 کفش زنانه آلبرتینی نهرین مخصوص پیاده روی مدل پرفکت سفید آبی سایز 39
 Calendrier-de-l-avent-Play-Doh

________________________

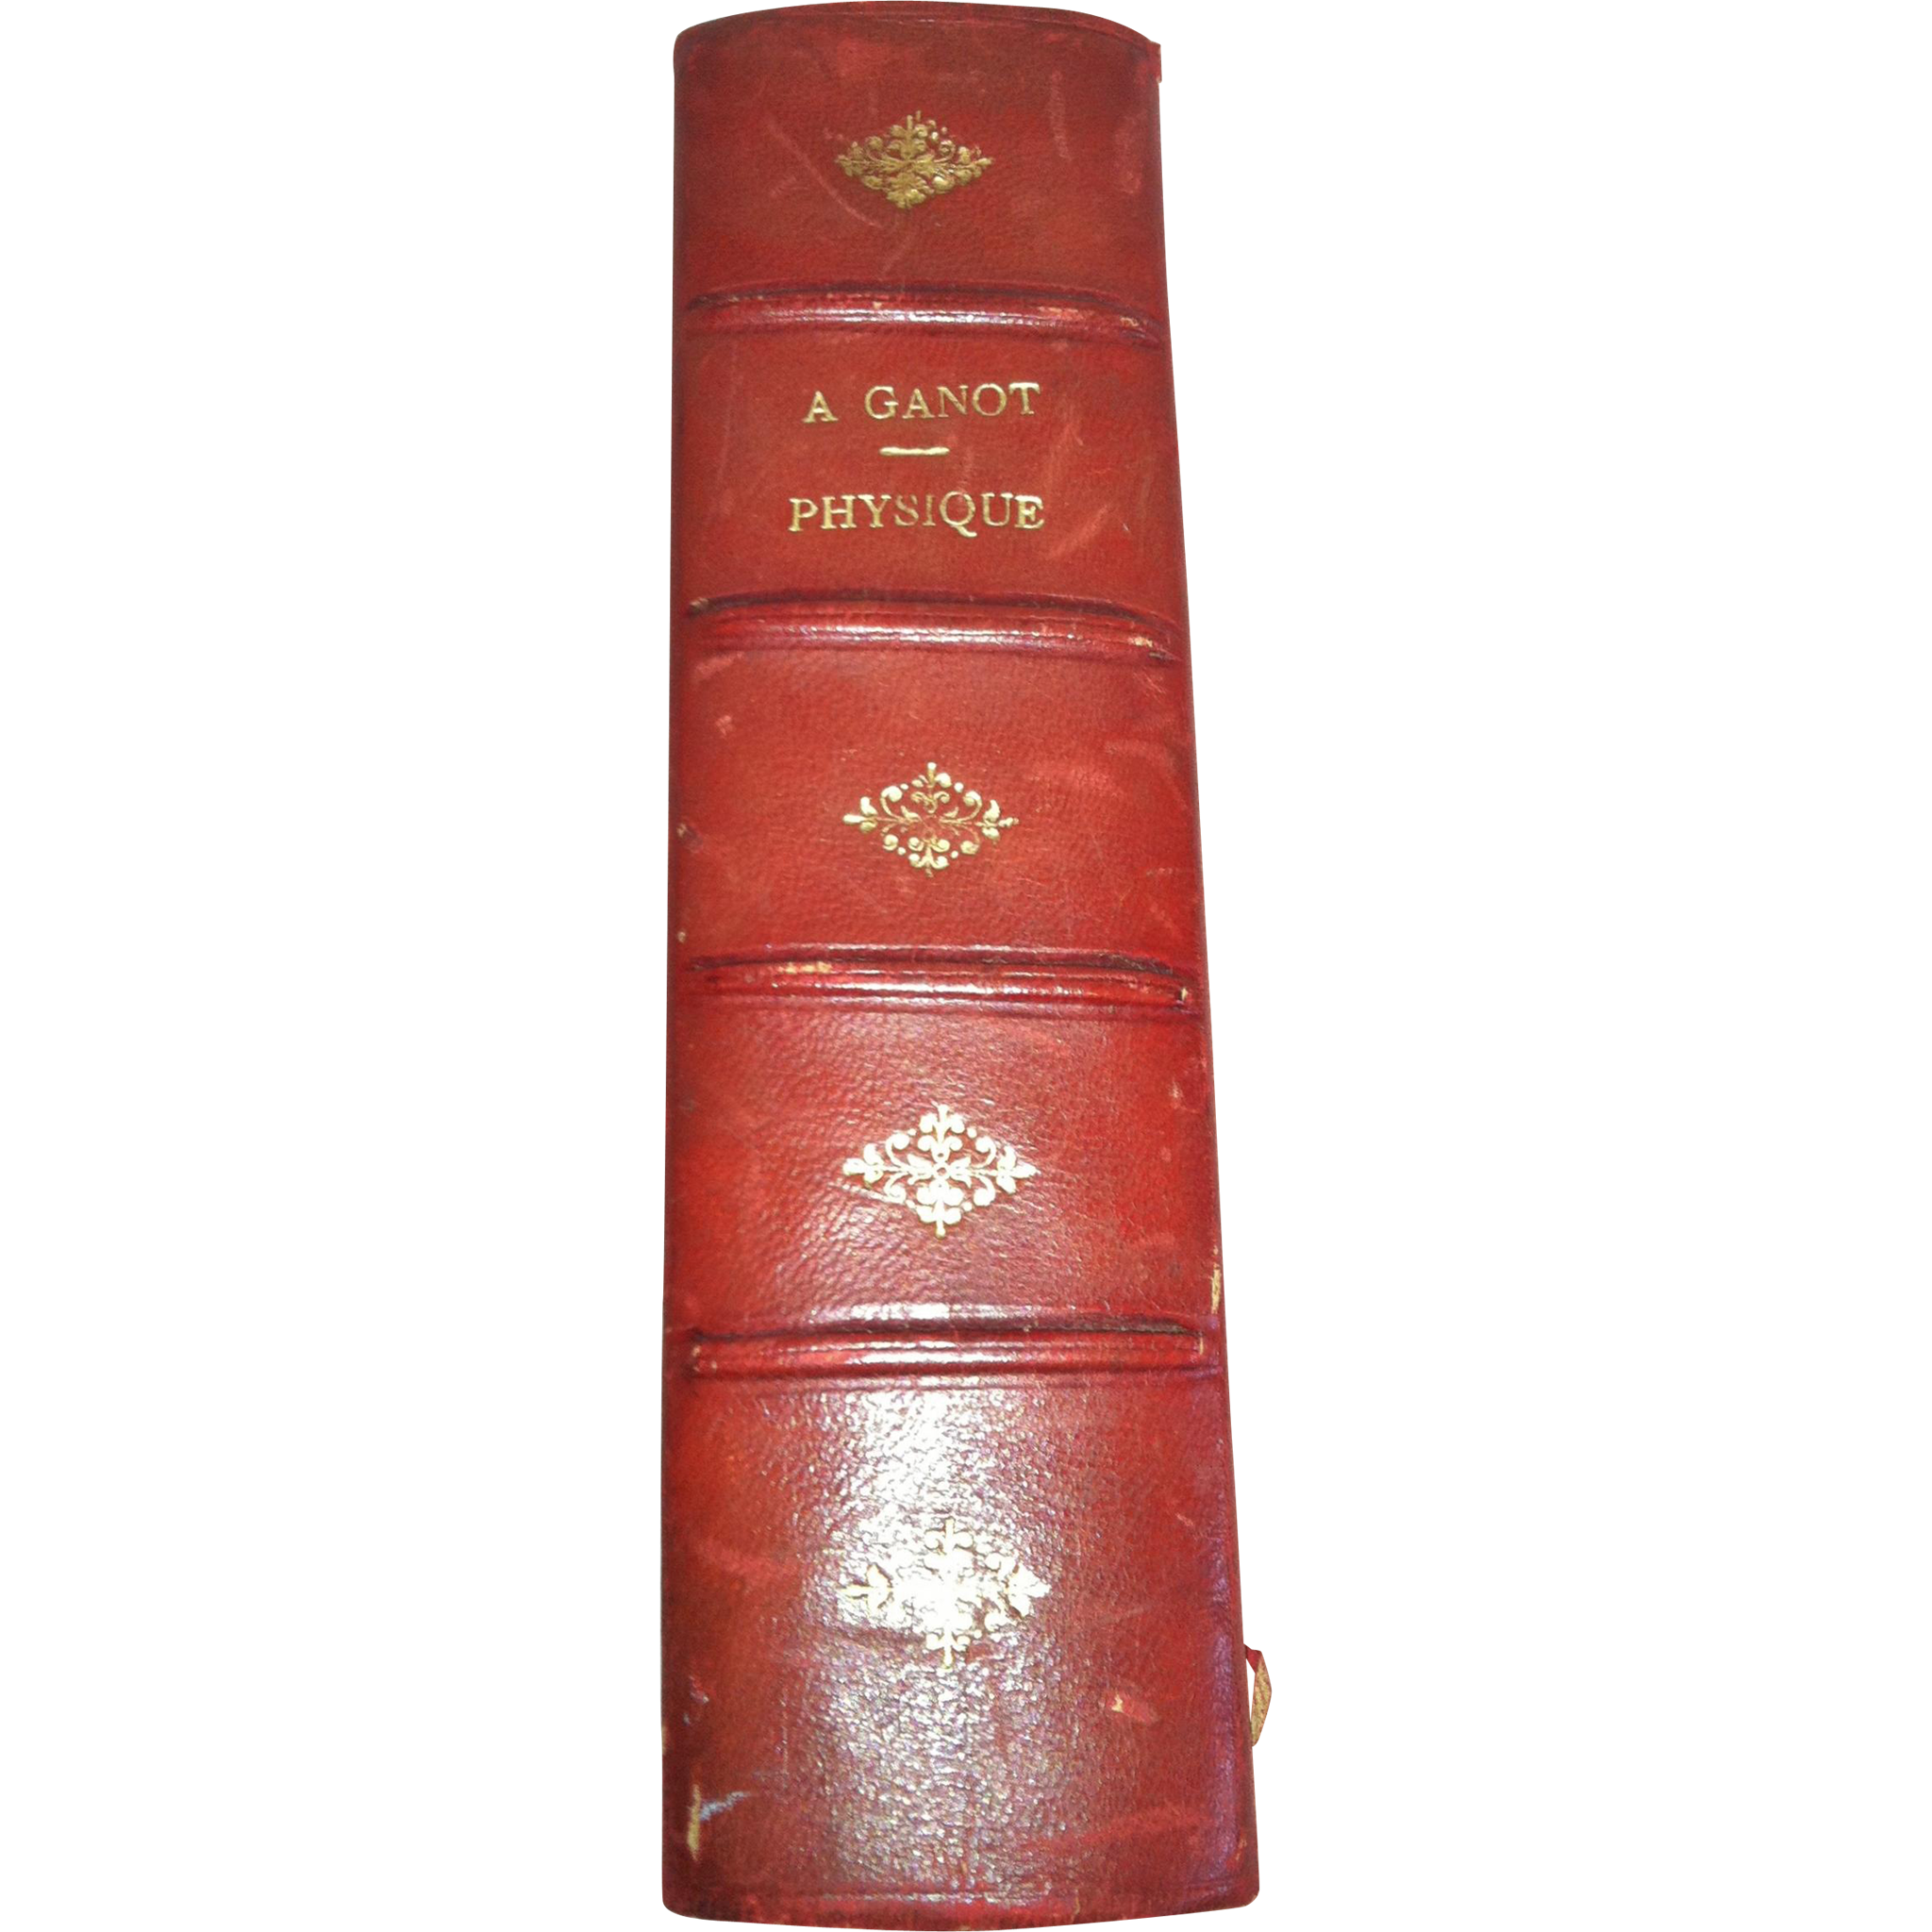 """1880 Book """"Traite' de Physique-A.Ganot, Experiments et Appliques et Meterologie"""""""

________________________

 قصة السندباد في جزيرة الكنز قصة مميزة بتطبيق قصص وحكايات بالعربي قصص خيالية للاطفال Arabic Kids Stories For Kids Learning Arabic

________________________

→ **Required action**:
Could you return exactly the lines above from the line with "کفش زنانه آلبرتینی" to the line with "Calendrier-de-l-avent-Play-Doh", both included, and nothing else?

→ **Response area**:
 کفش زنانه آلبرتینی نهرین مخصوص پیاده روی مدل پرفکت سفید آبی سایز 39
 Calendrier-de-l-avent-Play-Doh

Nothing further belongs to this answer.